Subject: Re: Hacker Attack??? From: Rex Ballard Date: Tue, 5 Nov 1996 00:57:41 -0500 (EST)
How the Web Was Won
Subject: Re: Hacker Attack??? From: Rex Ballard Date: Tue, 5 Nov 1996 00:57:41 -0500 (EST)

	Rex Ballard - Director of Electronic Distribution
	http://cnj.digex.net/~rballard

On Thu, 24 Oct 1996, Jeff Perlman wrote:

> Alert:  Hacker attack?
> 
> Caution: the foregoing is unconfirmed and should be treated as speculation
> at this point.
> 
> This morning (PDT) the www.latimes.com  discovered that  people were not
> able to access the site or were experiencing a severe degradation in
> service. Investigation by our technical staff seems to point to some sort of
> hacker attack on our host, BBN. Evidence seems to point to a bunch of TCP/IP
> connections to our server there  being left open and multiplying
> simultaneously, never timing out, according to one of our systems people. I
> don't understand the technical side of this, so please don't bombard me with
> systems-oriented questions. I repeat that this is not yet confirmed
> officially, and I'm only posting this information to put others on guard.
> BBN is rebooting our server to try to clear the problem.

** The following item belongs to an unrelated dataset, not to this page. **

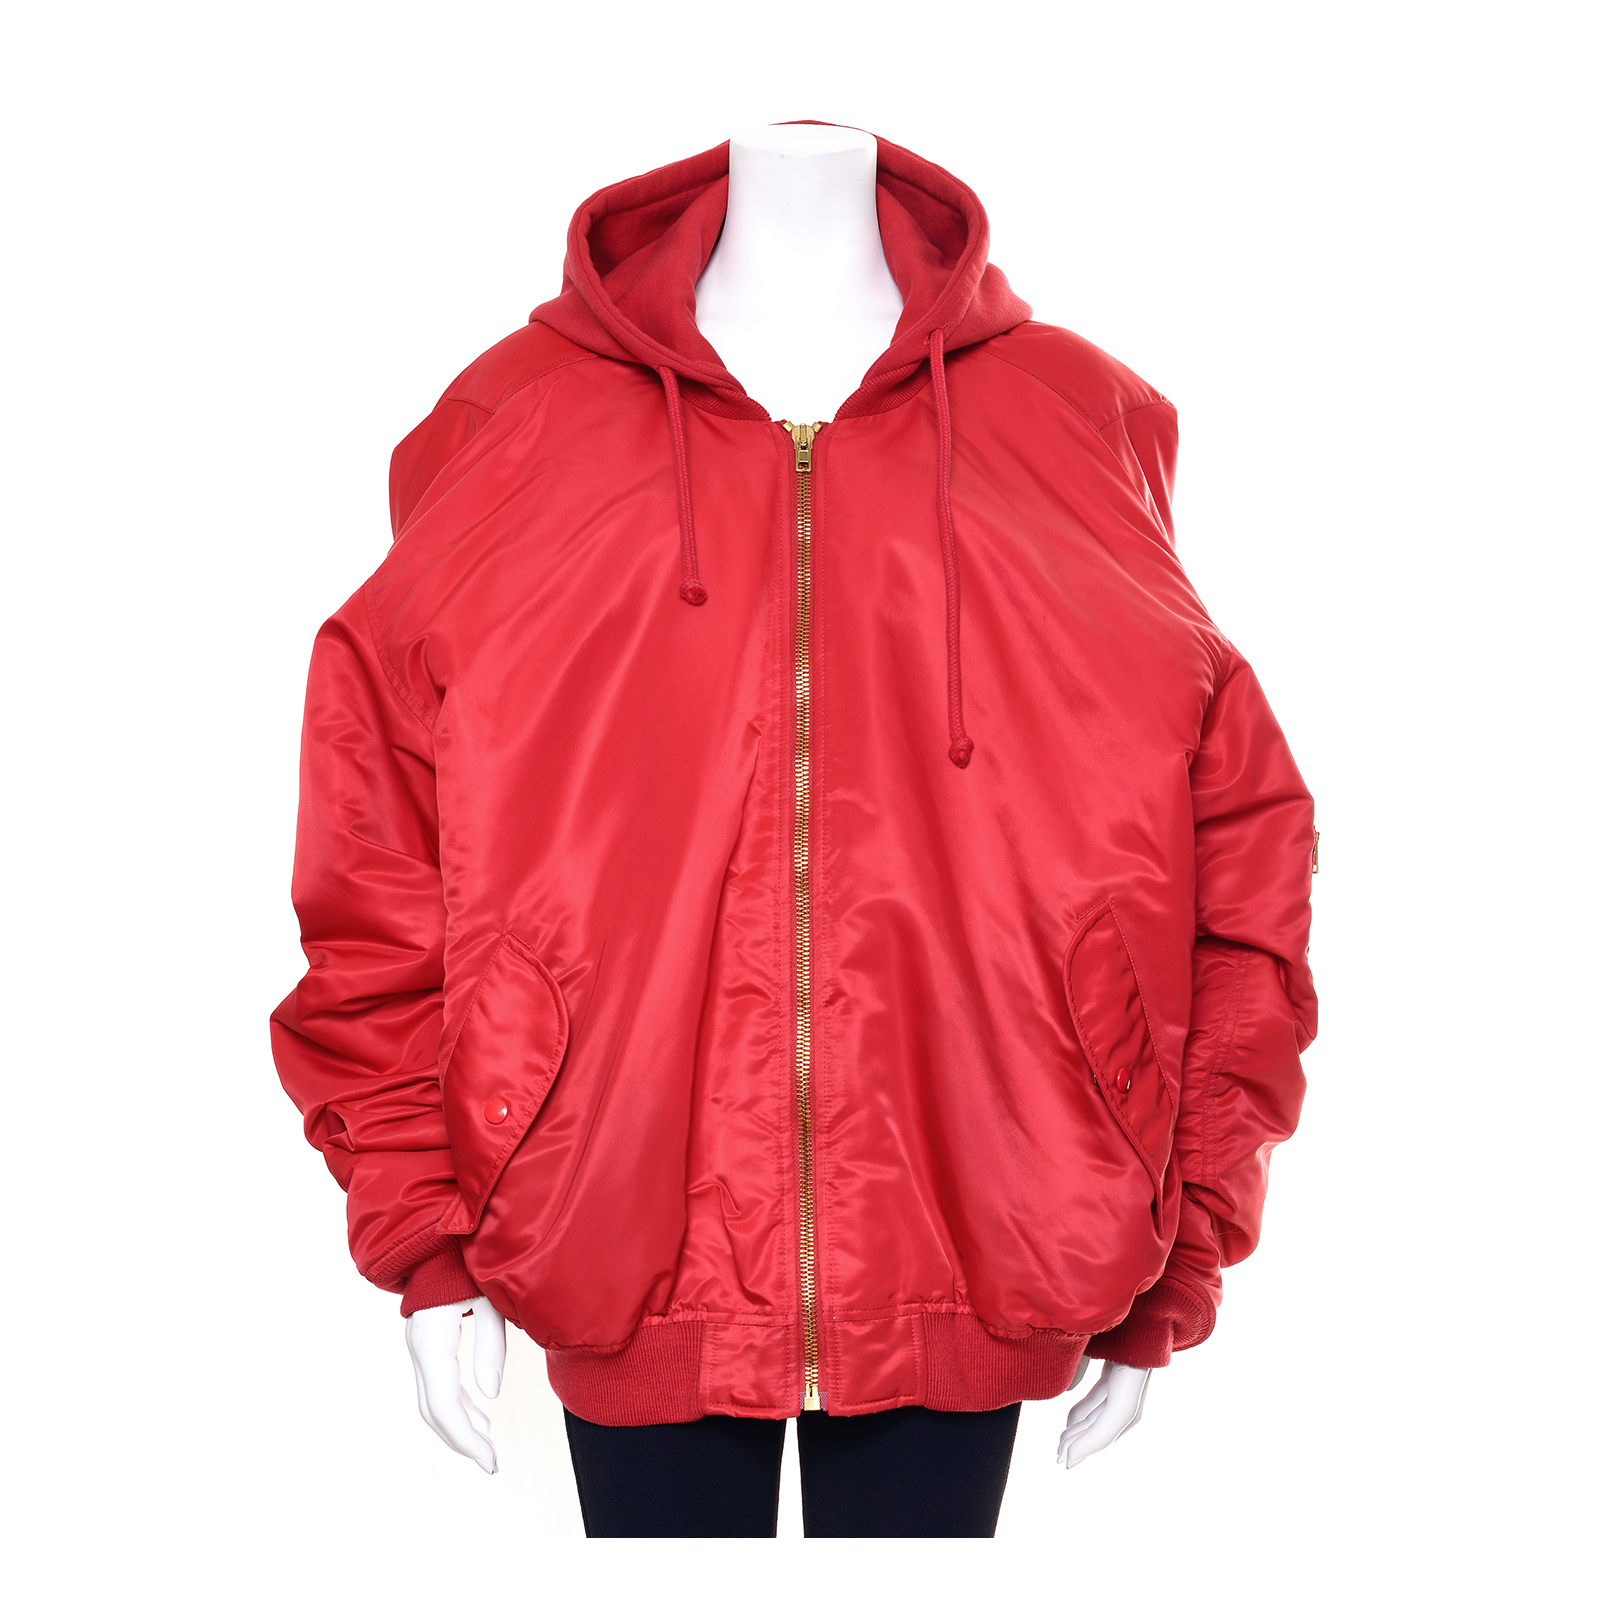 Vêtements Red Hooded Bomber Jacket

This is a rather interesting type of attack.  It resembles one where a
host was simulating different hosts in the return address and delivering
the impression that several hosts were involved.  It was ultimately traced
back to a Sprintlink connection.  No word on who the customer was, but
they had sufficient resources to have a Sprint Frame-relay connection, to
generate a substantial amount of traffic, and to override protections
normally enabled in routers such as Cisco and Wellfleet.

> Has this happened to you?
> --Jeff
> 
> 
>  We do know that somehow our server up at BBN needed to be rebooted this
> morning, apparently because of this incident.  

The nature of the attack is to create so many processes that the process
table fills up completely.  Ironically, the BBN host would have had to
return the TCP/IP handshake directly back to where it came from.
Otherwise the TCP/Connect would time out in a few seconds.  If the IP
address were faked, and the response was sent back to the faked address,
the host at the faked address would choke on the unsolicited response.

There is a possibility that someone posted a trojan horse as a Microsoft
Word web page.  It is possible to imbed an EXE file within a word
document.  This document, when viewed by Explorer will load the word
document, execute the exe file, and display the "result" to the user.

If the result is no message, or a nonsense message, the EXE file can sleep
until an opportune time and then start spontaneously attacking the
selected site.

This attack ia effective with Microsoft Mail as well.